To see values that are shared across lists, use lobstr::ref(). ref() prints the memory address of each object, along with a local ID so that you can easily cross-reference shared components.

ref(l1, l2)
#> █ [1:0x55d53bd85848] <list> 
#> ├─[2:0x55d53b19f7d8] <dbl> 
#> ├─[3:0x55d53b19f7a0] <dbl> 
#> └─[4:0x55d53b19f768] <dbl> 
#>  
#> █ [5:0x55d53799ac38] <list> 
#> ├─[2:0x55d53b19f7d8] 
#> ├─[3:0x55d53b19f7a0] 
#> └─[6:0x55d53ba82d98] <dbl>

2.3.4 Data frames

Data frames are lists of vectors, so copy-on-modify has important consequences when you modify a data frame. Take this data frame as an example:

d1 <- data.frame(x = c(1, 5, 6), y = c(2, 4, 3))
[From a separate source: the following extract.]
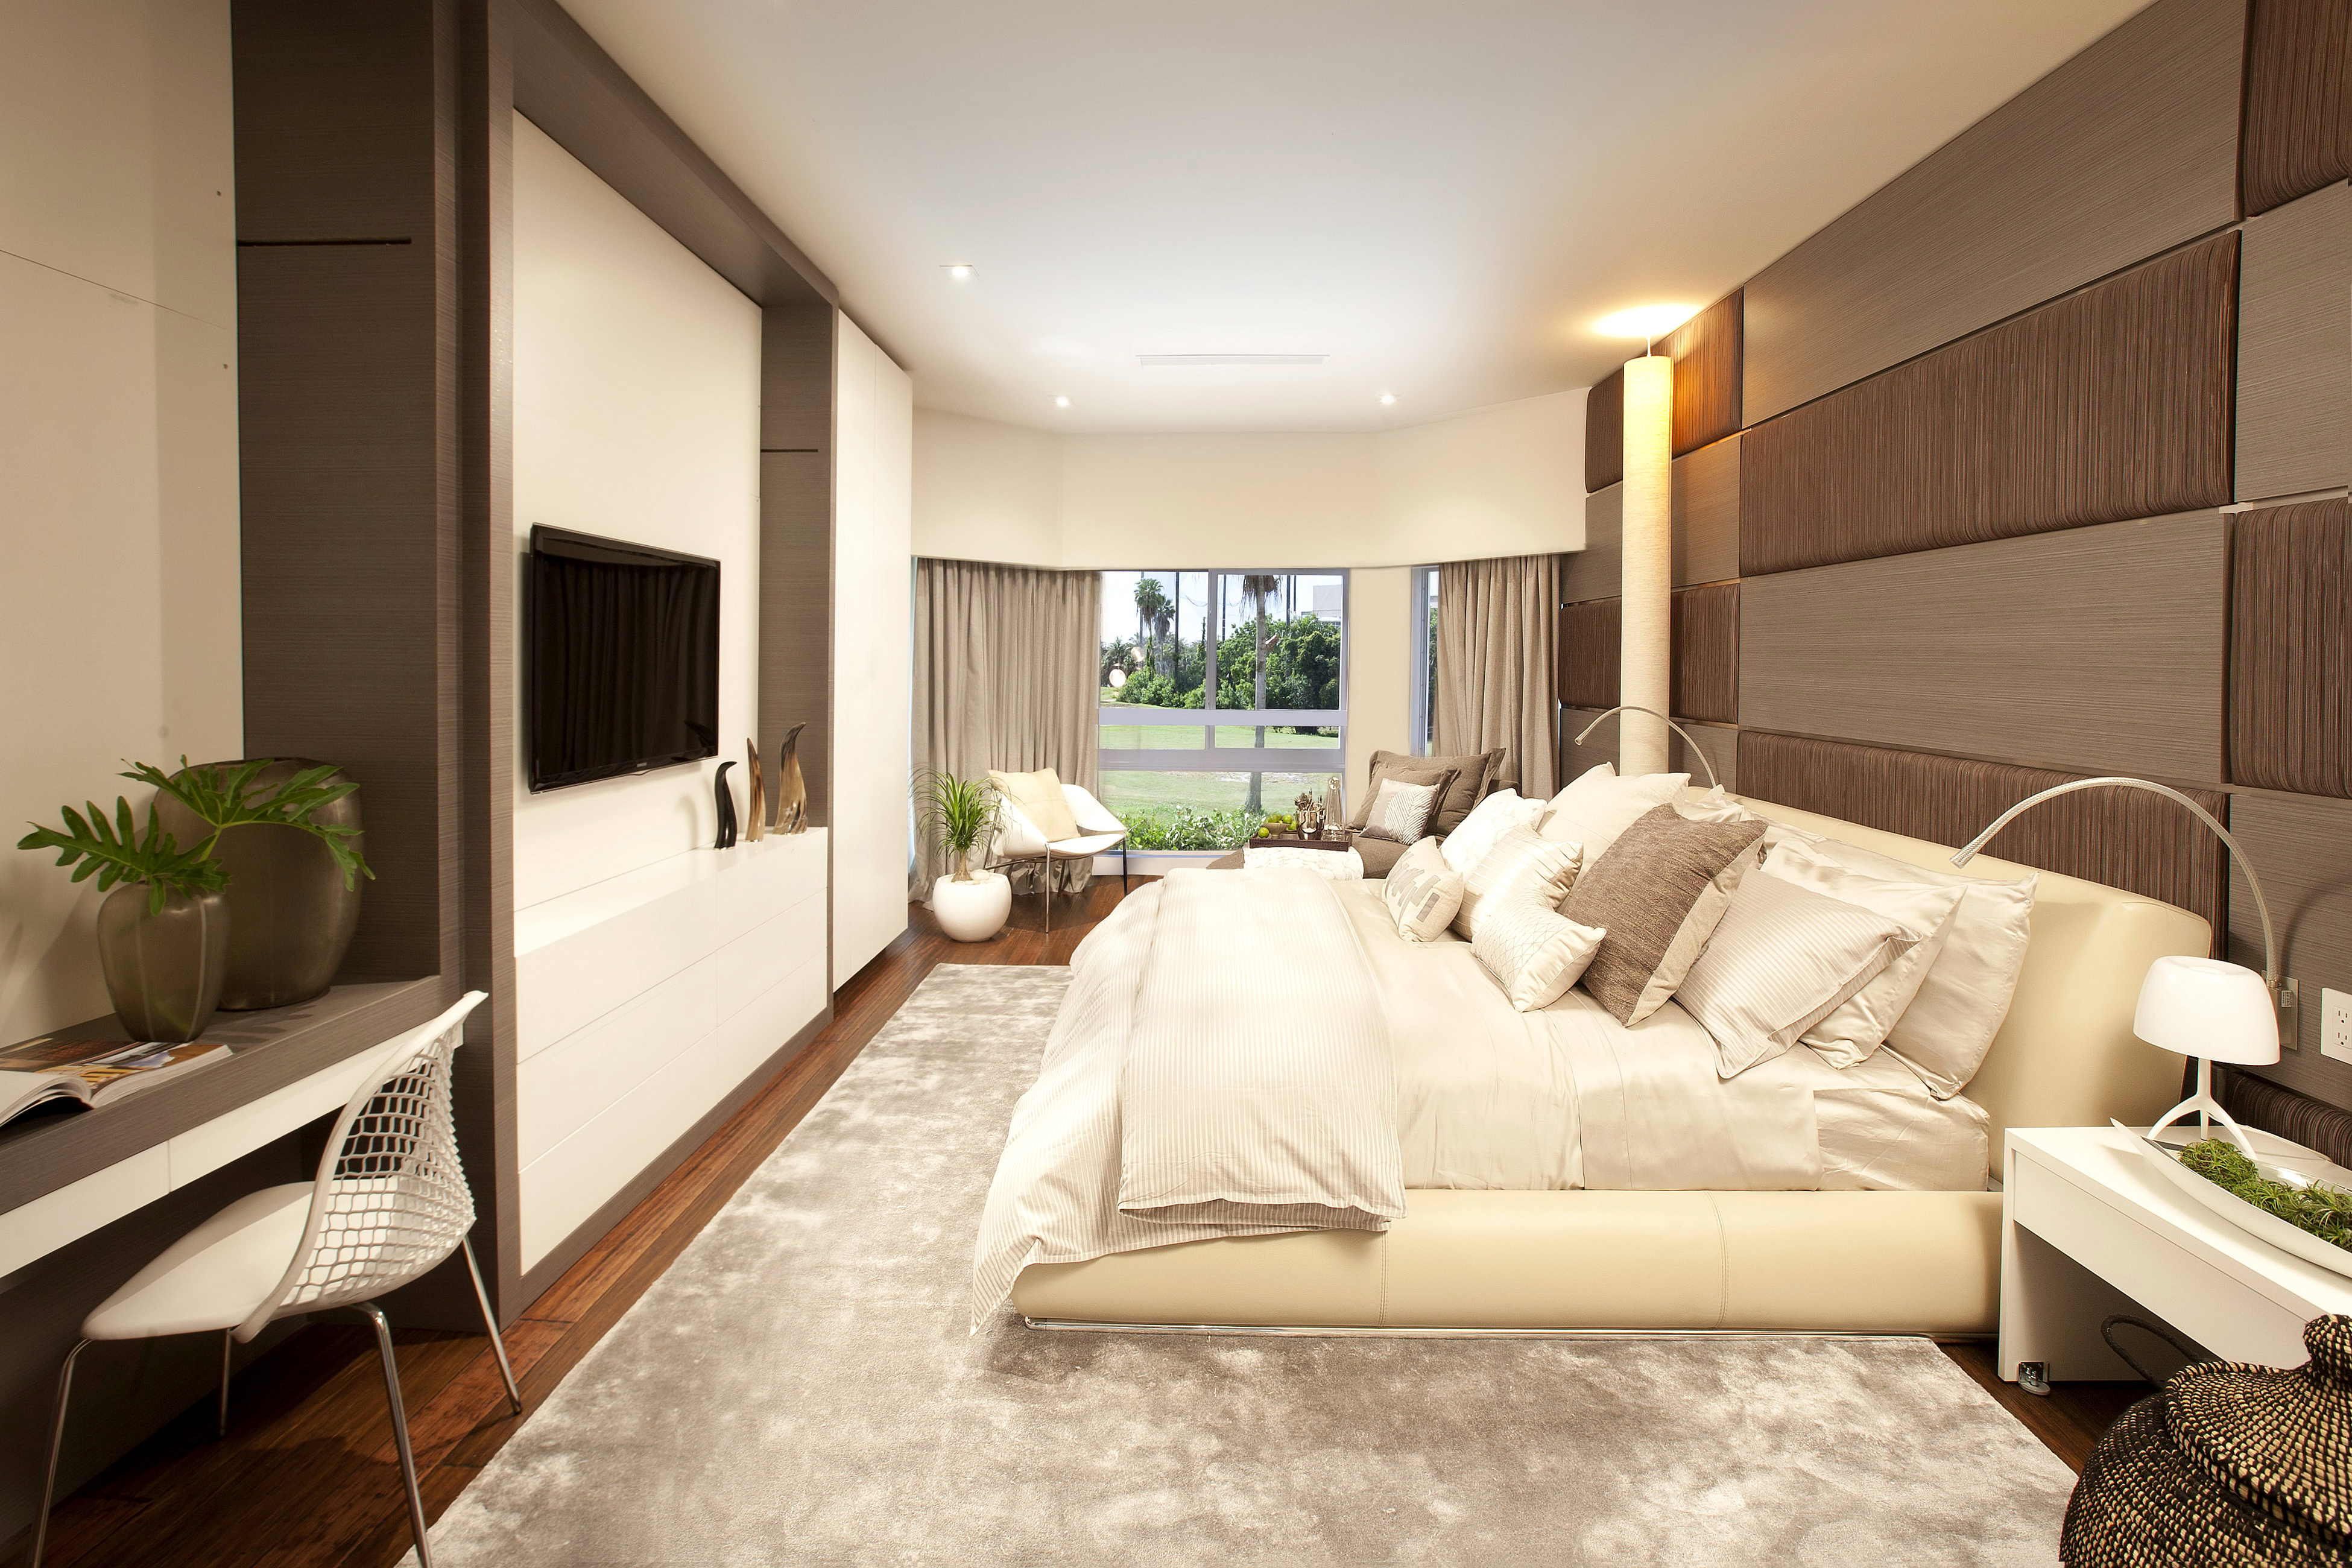 Room tone. Pluton 60w s-550-shiny-220v-ip44. Интерьер спальной комнаты. Большая спальня в современном стиле. Интерьер в бежевом стиле.
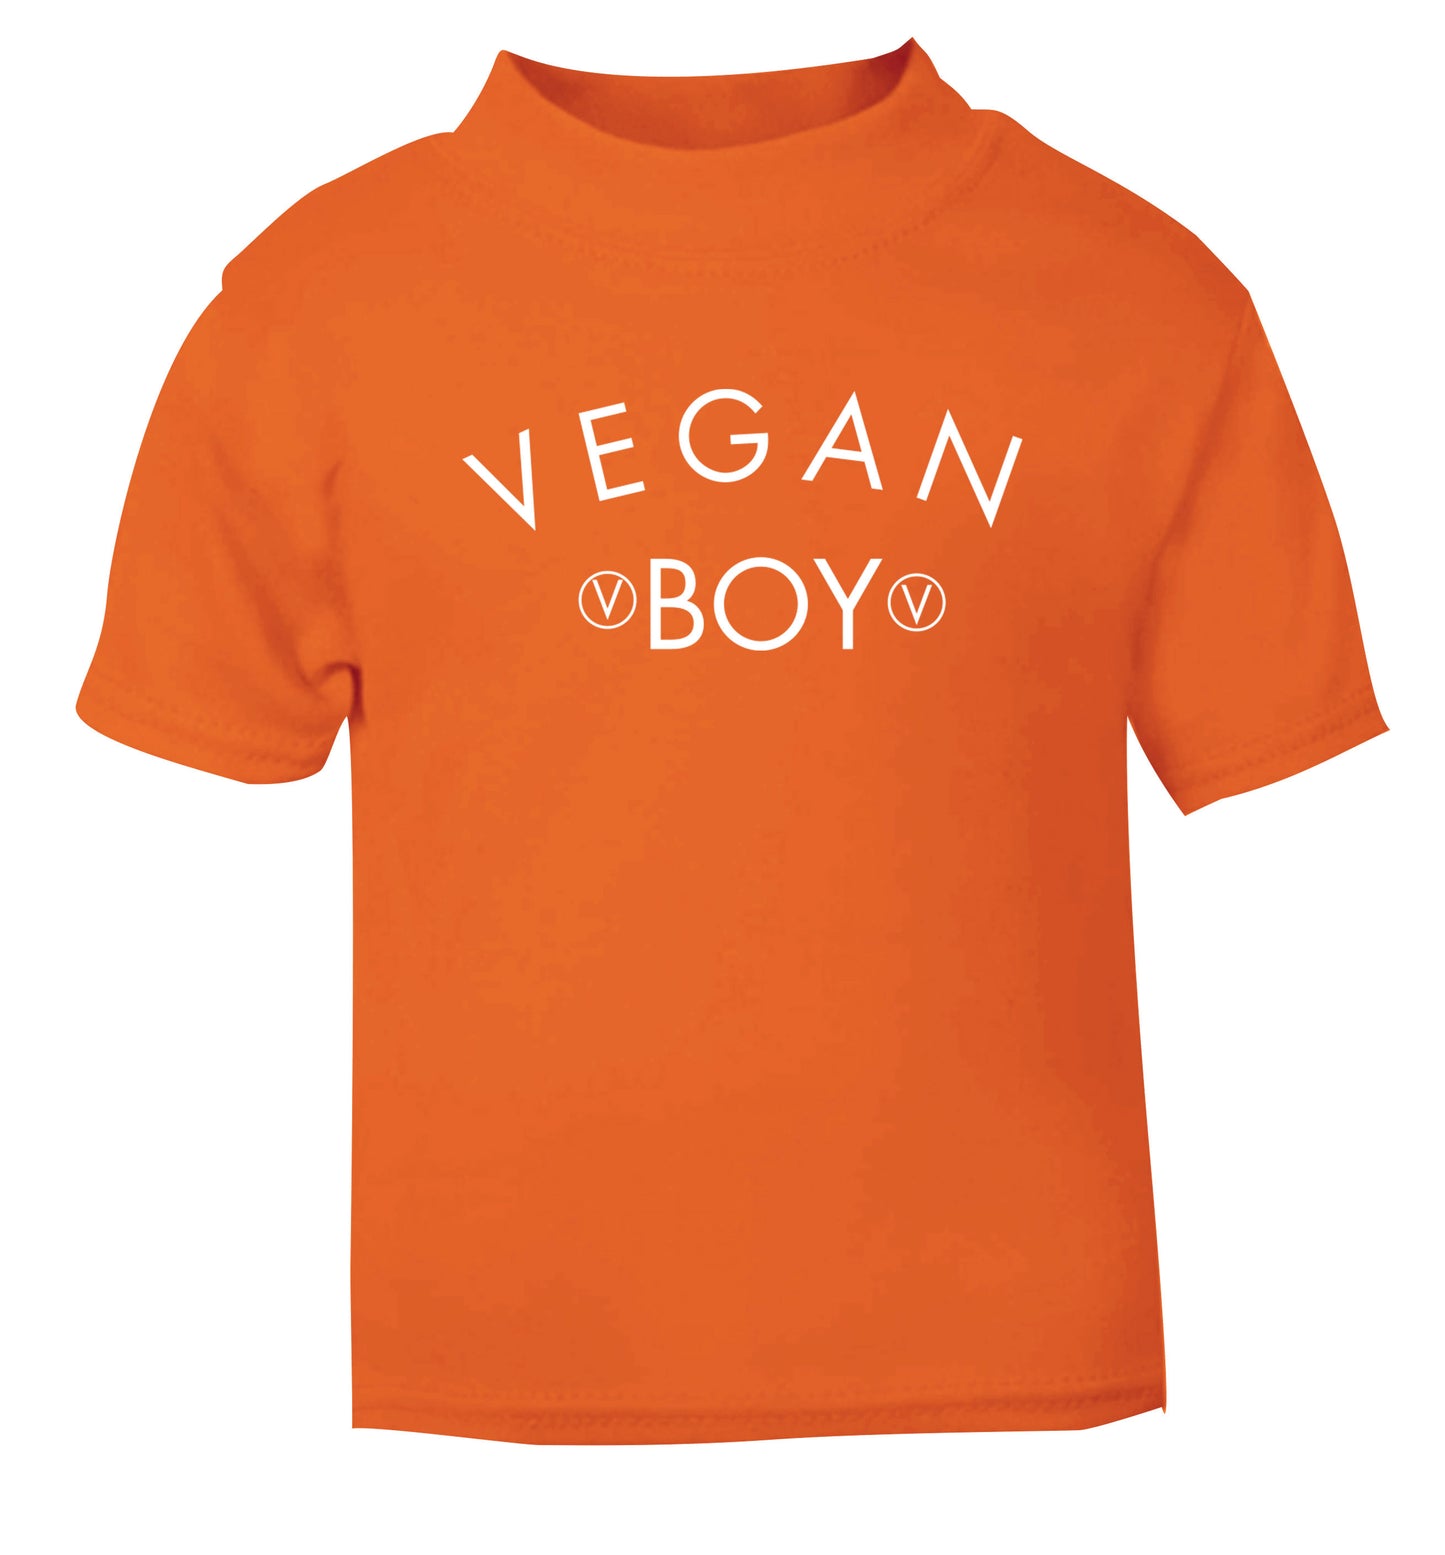 Vegan boy orange Baby Toddler Tshirt 2 Years

If you modify a column, only that column needs to be modified; the others will still point to their original references:

d2 <- d1
d2[, 2] <- d2[, 2] * 2

However, if you modify a row, every column is modified, which means every column must be copied:

d3 <- d1
d3[1, ] <- d3[1, ] * 3

2.3.5 Character vectors

The final place that R uses references is with character vectors4. I usually draw character vectors like this:

x <- c("a", "a", "abc", "d")

But this is a polite fiction. R actually uses a global string pool where each element of a character vector is a pointer to a unique string in the pool:

You can request that ref() show these references by setting the character argument to TRUE:

ref(x, character = TRUE)
#> █ [1:0x55d53ae40f18] <chr> 
#> ├─[2:0x55d534ba83e0] <string: "a"> 
#> ├─[2:0x55d534ba83e0] 
#> ├─[3:0x55d537e48c60] <string: "abc"> 
#> └─[4:0x55d534d361d8] <string: "d">

This has a profound impact on the amount of memory a character vector uses but is otherwise generally unimportant, so elsewhere in the book I’ll draw character vectors as if the strings lived inside a vector.

2.3.6 Exercises

  1. Why is tracemem(1:10) not useful?

  2. Explain why tracemem() shows two copies when you run this code. Hint: carefully look at the difference between this code and the code shown earlier in the section.

    x <- c(1L, 2L, 3L)
    tracemem(x)
    
    x[[3]] <- 4
  3. Sketch out the relationship between the following objects:

    a <- 1:10
    b <- list(a, a)
    c <- list(b, a, 1:10)
  4. What happens when you run this code?

    x <- list(1:10)
    x[[2]] <- x

    Draw a picture.


  1. You may be surprised to see [[ used to subset a numeric vector. We’ll come back to this in Section 4.3, but in brief, I think you should always use [[ when you are getting or setting a single element.↩︎

  2. Confusingly, a character vector is a vector of strings, not individual characters.↩︎